GEM

developed by: Elliot Chan
contact: e224chan@uwaterloo.ca

A sophisticated ML-enhanced end-to-end gene variant pathogenicity prediction and repair system. Aiming to accelerate gene variant classification and gene therapy target identification via intelligent, guided mutations.

What is this GEM?

GEM (Gene Edit Machine) is a machine learning-powered platform designed to classify and optimize gene variants for reduced pathogenicity. What makes this a GEM?

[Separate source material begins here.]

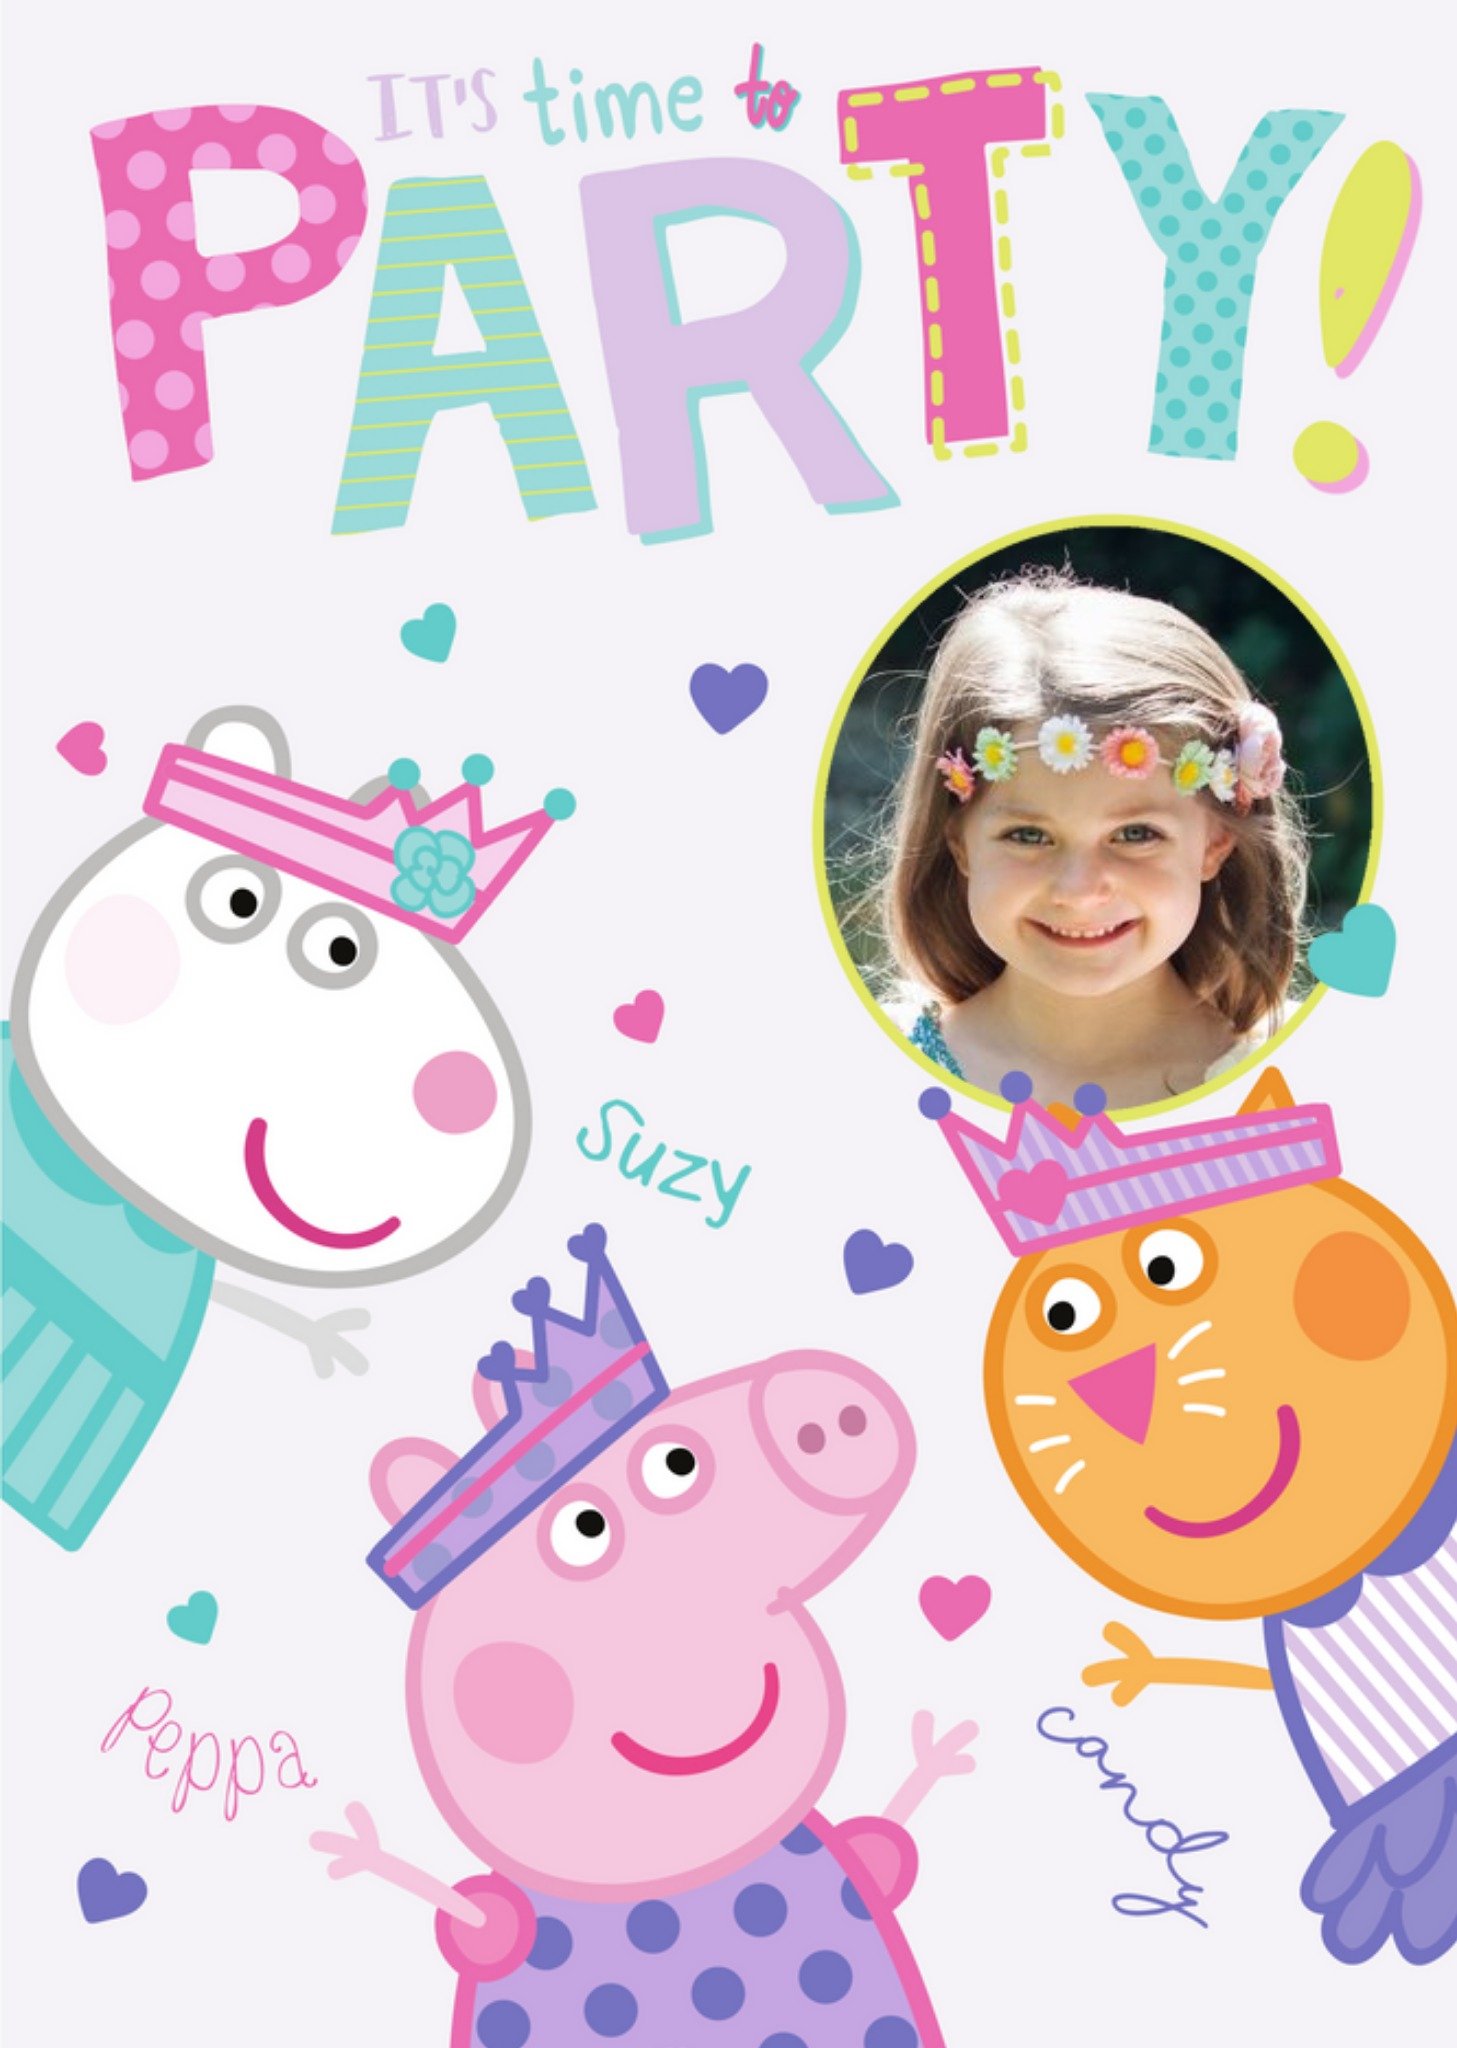 Peppa Pig Party Invitation Photo Upload Card, Standard

integrates ClinVar and GRCh38 human genome assembly data to build detailed, context-inclusive sequences
Extracts 500+ features using my original DNA sequence fingerprinting modules: CompositeDNA, CompositeProt, DNAMatrix, ProtMatrix
uses biochemical data and research-backed feature extraction at both the DNA and protein level
detects and extracts regulatory region disruptions in various domains on both DNA and protein levels
employs optimized state path and domain composition changes across multiple genomic scales
trains optimized XGBoost models to classify benign and pathogenic mutation variants
suggests guided edits to reduce variant pathogenicity

It includes:

LookingGlass: Variant classifier based on custom FASTA inputs
ReGen: Performs a combination of guided edits to increase the likelihood of benign classification, with intelligently placed stochastic mutations to escape performance plateaus

[1] Installation and Workflow

Installation and Setup

Go to the Releases Tab on the right hand side of this GitHub page
Download the latest release as a .zip file
Unzip the file on your computer
Open/Load up the folder using your preferred Python IDE (PyCharm, VSCode, or others)
In your python terminal, type in "pip install" followed by the list of required packages in the Prerequisites and Dependencies section of this README.md

Now you're ready to set up the project's database.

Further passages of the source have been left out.